Perfect example of where a video tutorial trumps text... Udemy with Learn Python the hard way: http://www.udemy.com/learn-python-the-hard-way/ Way faster than reading the whole book especially when I was able to set the speed at 2x.

I don't believe this topic is even hacker news quality.




Audio speedup either generates chipmunk voice or cuts phonemes. Neither is an acceptable substitute, especially if one has hearing or cognitive issues. Even at 2X audio speed, I can still be halfway down a page while you're finishing the first paragraph thanks to an ability to skim information for keywords.

Personality is inescapable in a video presentation where either body or voice is present, unless the body and/or voice are computer generated. We are hard-wired to read body language or interpret inflection, even though we may be completely wrong.

If you're relying on the user having headphones, that's a mistaken assumption. There are any number of reasons that a person may not have headphones at the moment or ever. I have my own office, so I don't need headphones and I don't use them outside of my own home, in general, because I need to be aware of what's happening in the environment.

The UI for online video is pretty uniform across platforms. Yes, it sucks. To get a better UI with an actual, functioning scrub wheel, I would have to load it in Premiere or AfterEffects. However, the problem of chipmunk voice/missing phonemes applies just as much.

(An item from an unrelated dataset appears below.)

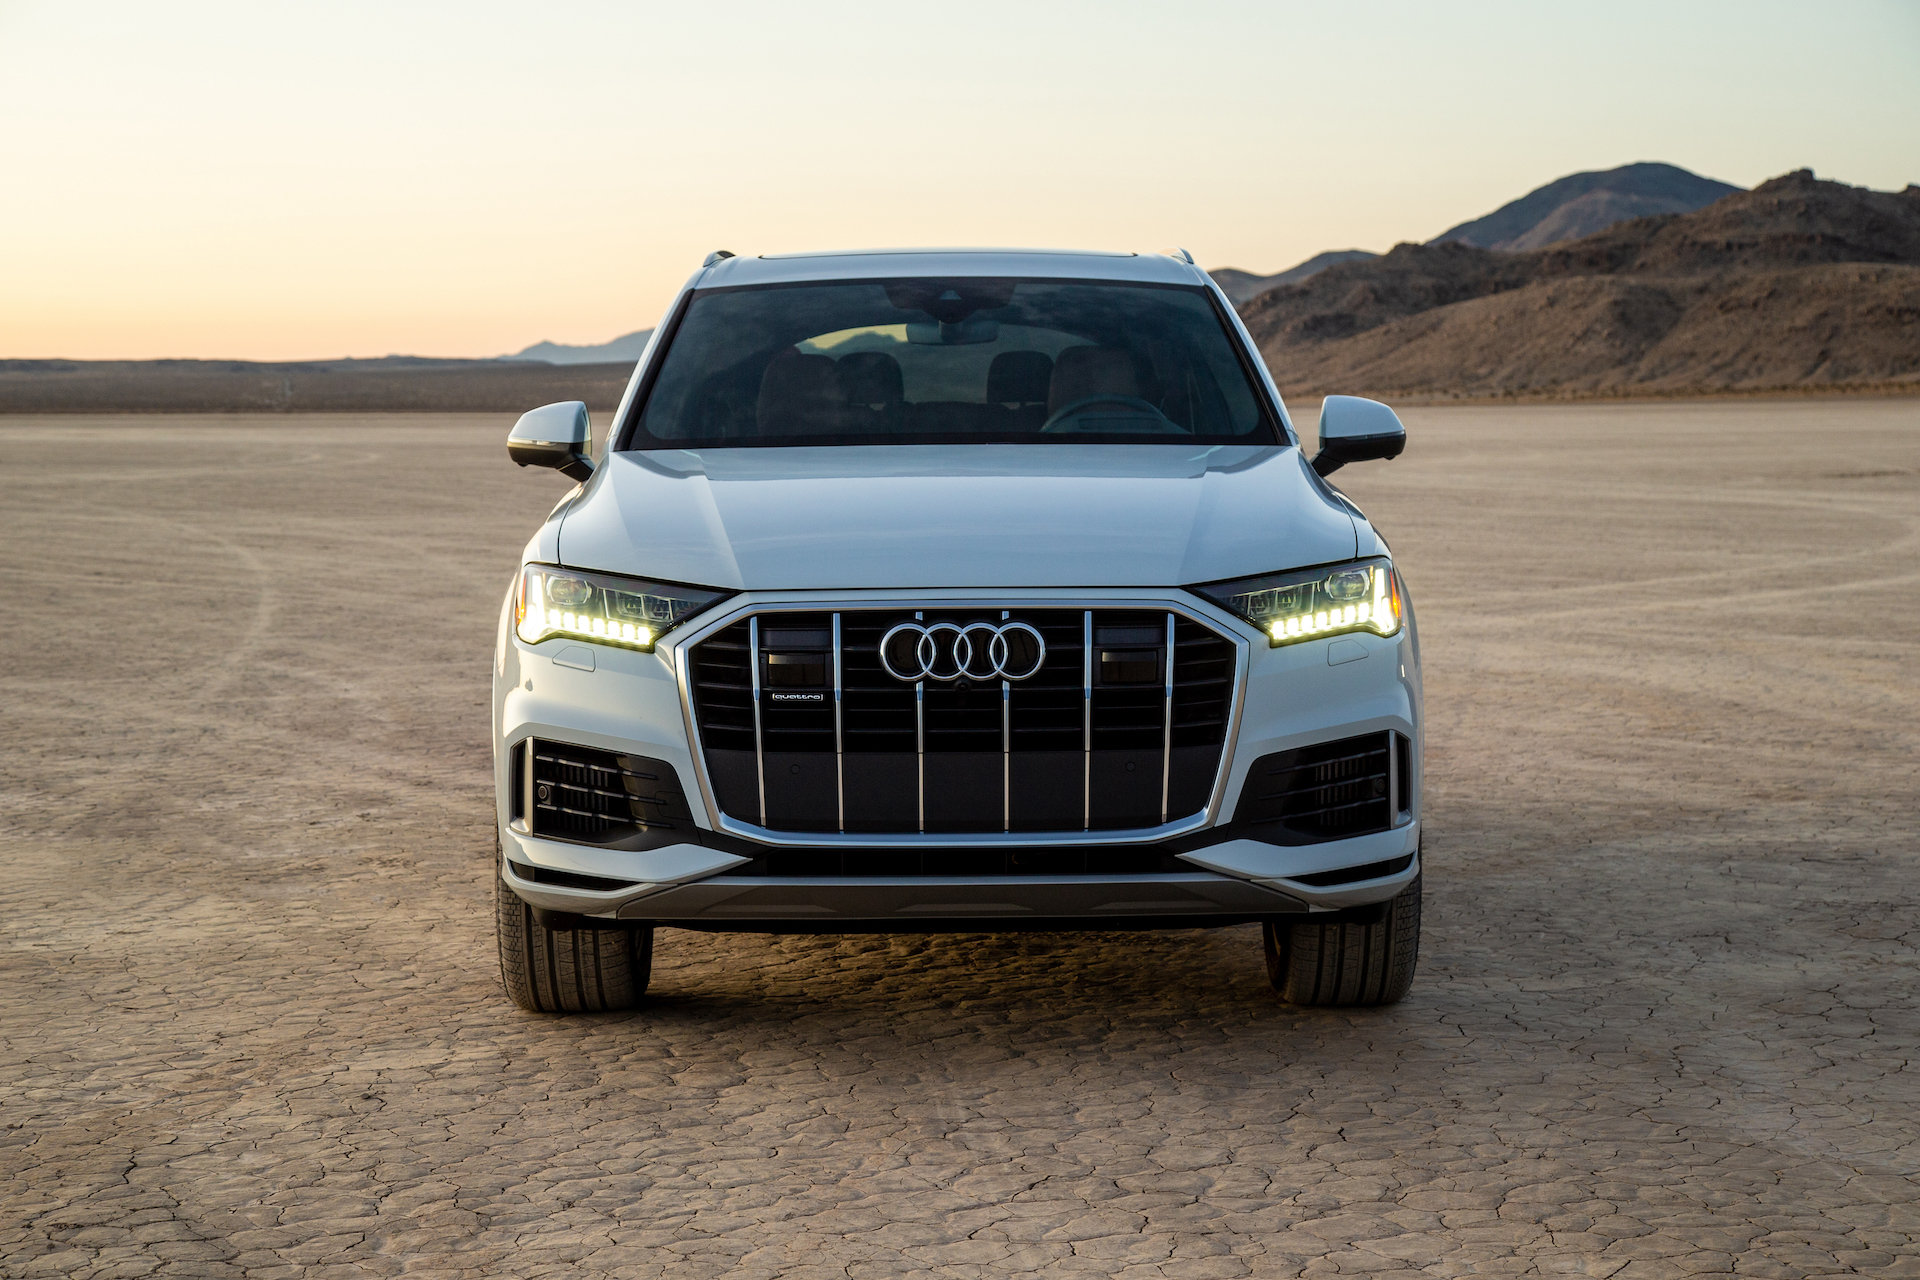 Audi Q9 full size SUV reportedly confirmed to dealers for launch
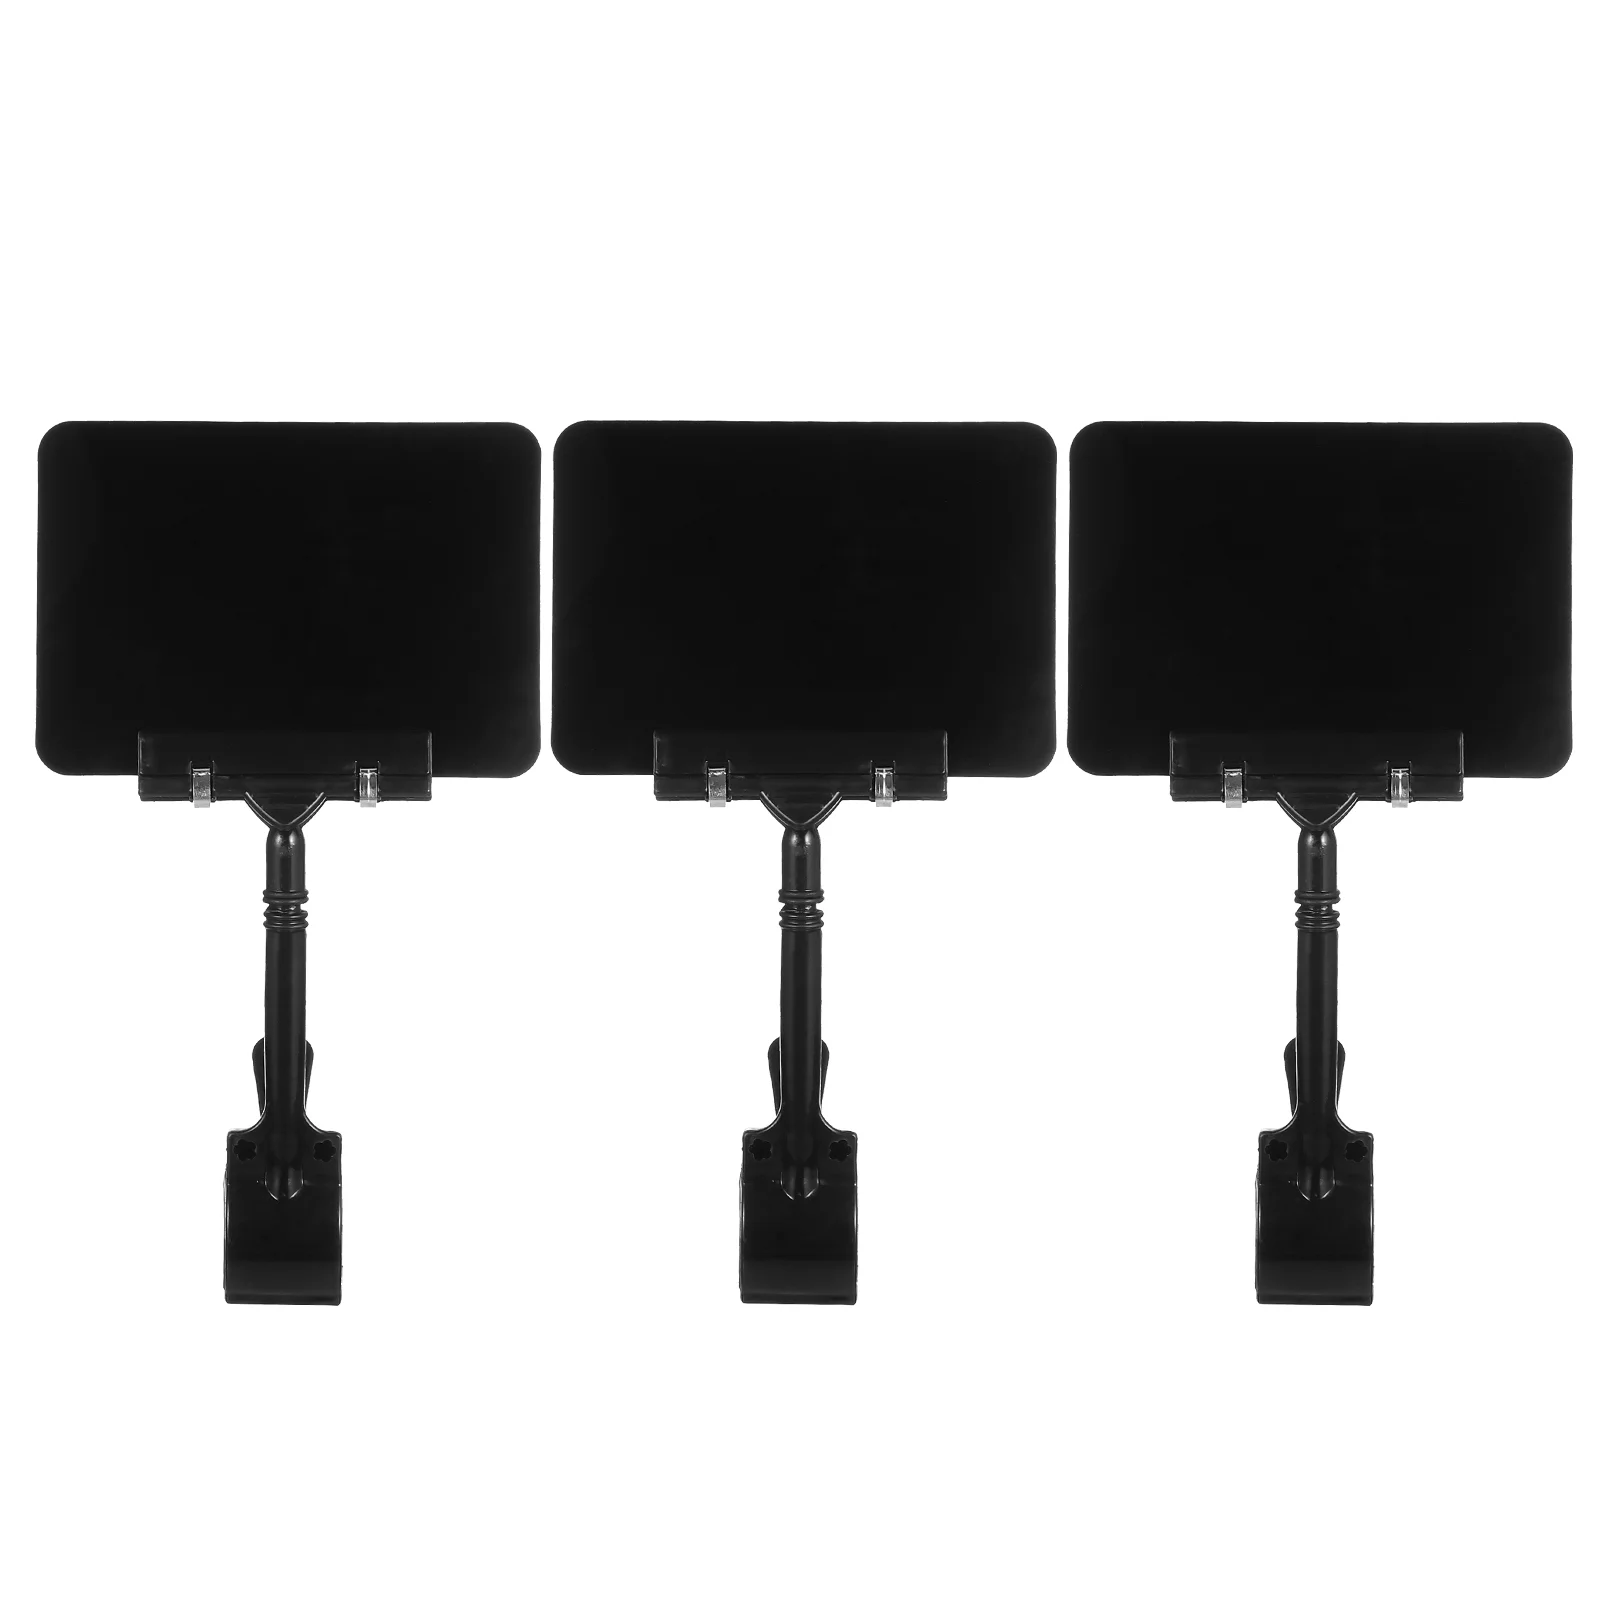 

3PCS Chalkboard Clips Merchandise Sign Display Clip Price Clips Holders Stand Price for Price Note Supermarket Shelf Merchandise

Well-written print documents will generally include a summary near the top that can be skimmed for informational cues in seconds. Furthermore, a standard page can be scanned for the same informational cues to localize the information. You cannot say the same about video.

I can't speak specifically to your Udemy class as I haven't taken it. However, printed course material can be re-read, taking in only the chunks that need to be re-read without having to remember a precise timecode and without having to spend much time in the preceding or following material.


Audio speedup either generates chipmunk voice or cuts phonemes.

I'm not a big fan of learning from video, but in the online classes I took this year, both on edX and on coursera, I found audio speedup perfectly functional.